BTW, is it common to create temp files on a network drive? Is that done in distributed build systems? For a single-machine build, it would seem counter productive to use a network drive for a temp file.

That commit (which was reviewed here https://reviews.llvm.org/D48051) suggests this wasn't about the occasional temp file not getting deleted. It was to work around surprising behavior on Windows when a temp file is mapped into memory, which, as I recall, was the underlying cause in what appeared to be cache corruption for LTO.

I think it best if @pcc and/or @inglorion weigh in.

BTW, is it common to create temp files on a network drive? Is that done in distributed build systems? For a single-machine build, it would seem counter productive to use a network drive for a temp file.

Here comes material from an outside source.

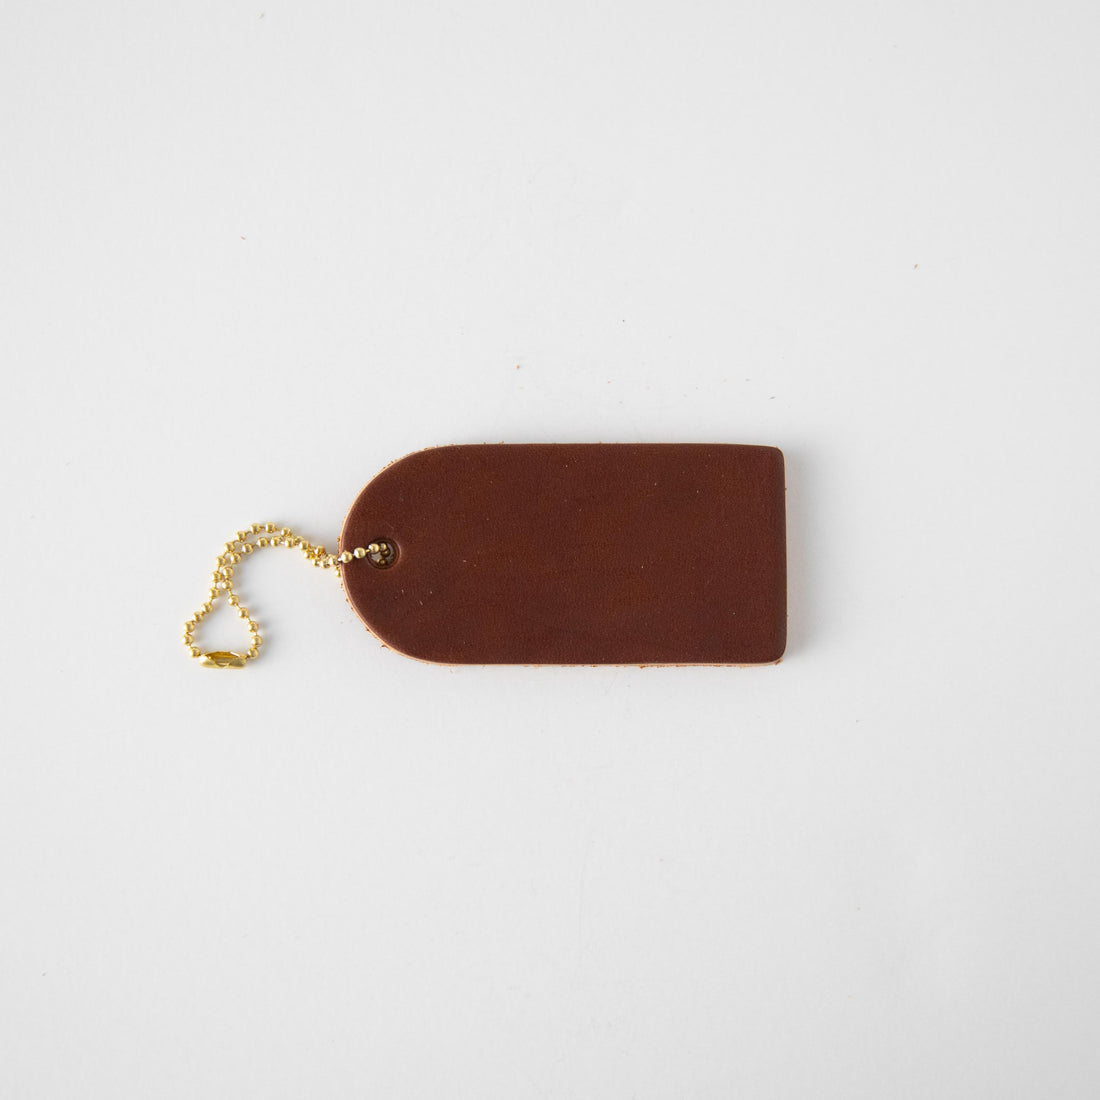 Black Hotel Key Fob | Leather Keychain Made in America at KMM & Co. Yes

I have a similar setup as described in here https://bugs.llvm.org/show_bug.cgi?id=42623 for local development. That bug report also includes a link to a GitHub issue where others where having the same issue. So, it's probably not uncommon to build on a drive attached as a network drive to a VM.

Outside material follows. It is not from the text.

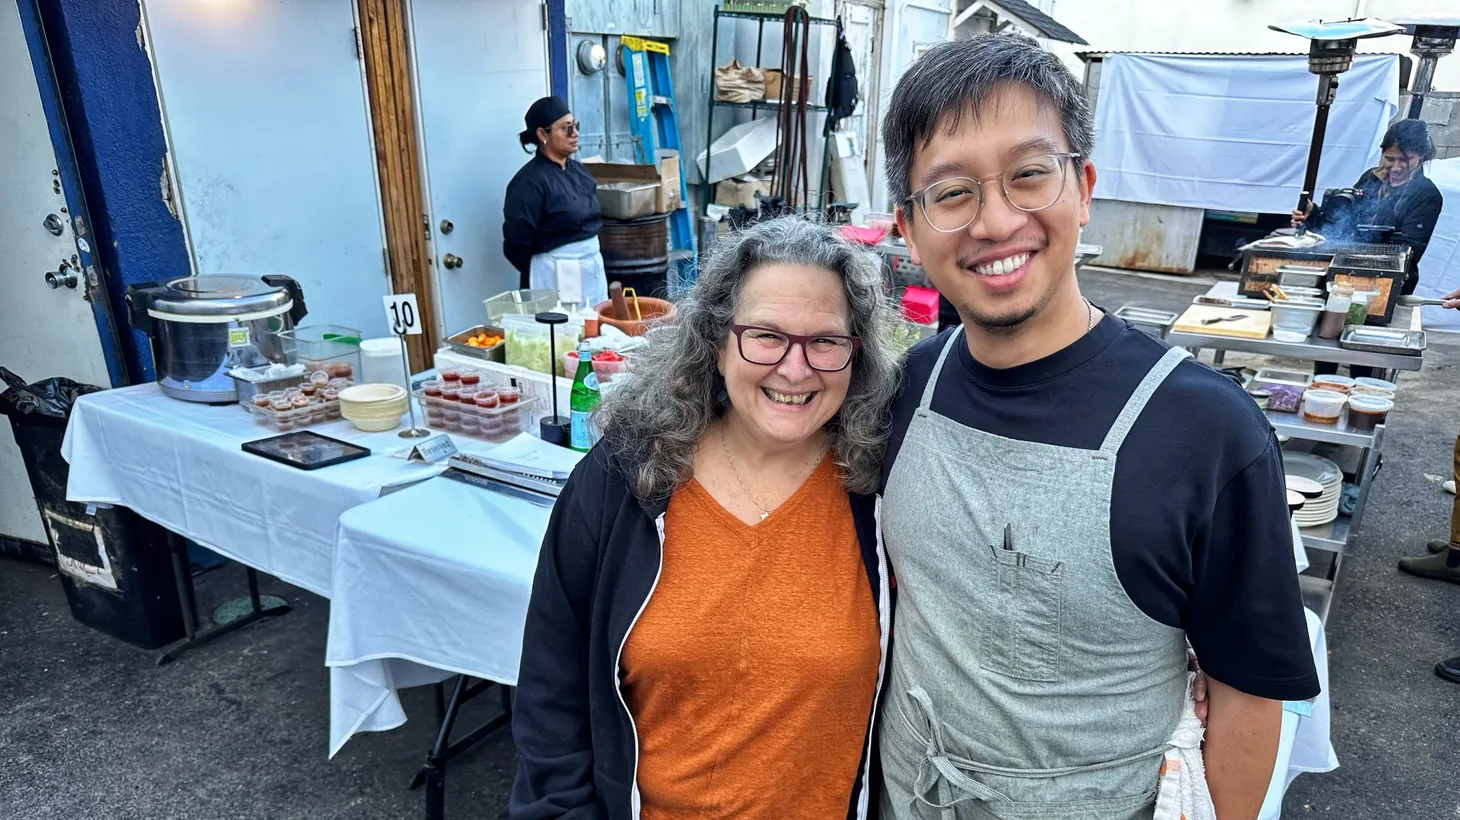 Good Food host Evan Kleiman (left) and Anajak Thai chef Justin Pichetrungsi at the restaurant's Taco Tuesday night, which is served outside in the alley.

rnk requested changes to this revision.Sep 15 2020, 11:32 AM

The situation where a temp file won't be delete without the delete-on-close bit set seems rare so just avoid setting it entirely.

In my experience, it's actually very common for LLVM tools to leak temp files, so we really need to preserve this functionality, it can't just be removed.

We could accept a more targeted fix. Does the call to CreateFile fail with the delete on close disposition? If so, we could retry without the disposition if it fails.

This revision now requires changes to proceed.Sep 15 2020, 11:32 AM

We could accept a more targeted fix. Does the call to CreateFile fail with the delete on close disposition? If so, we could retry without the disposition if it fails.

The call to CreateFile does succeed, but it’s the subsequent writes to the file handle that fails. Perhaps, we can try to detect if we are creating a file on a network drive using GetDriveType and if so avoid setting delete on close?

rdwampler retitled this revision from [Support] PR42623: Avoid setting the delete-on-close bit for TempFile to [Support] PR42623: Avoid setting the delete-on-close bit if a TempFile doesn't reside on a local drive.Sep 30 2020, 8:24 AM
rdwampler edited the summary of this revision. (Show Details)
rdwampler updated this revision to Diff 295298.Sep 30 2020, 8:31 AM

Reverted change that removed code setting the file disposition.
Instead, added check to see if we are on a non-local filesystem (i.e., network drive), if so the disposition isn't set.

rnk accepted this revision.Oct 29 2020, 4:13 PM

lgtm

Sorry for the delay! It's been a busy fall.

This revision is now accepted and ready to land.Oct 29 2020, 4:13 PM
This revision was landed with ongoing or failed builds.Oct 30 2020, 10:44 AM
This revision was automatically updated to reflect the committed changes.
nikic added a subscriber: nikic.Feb 27 2021, 12:11 PM

Just FTR, this change had to be reverted in Rust's LLVM fork because it breaks compilation on Windows 7, see https://github.com/rust-lang/rust/issues/81051.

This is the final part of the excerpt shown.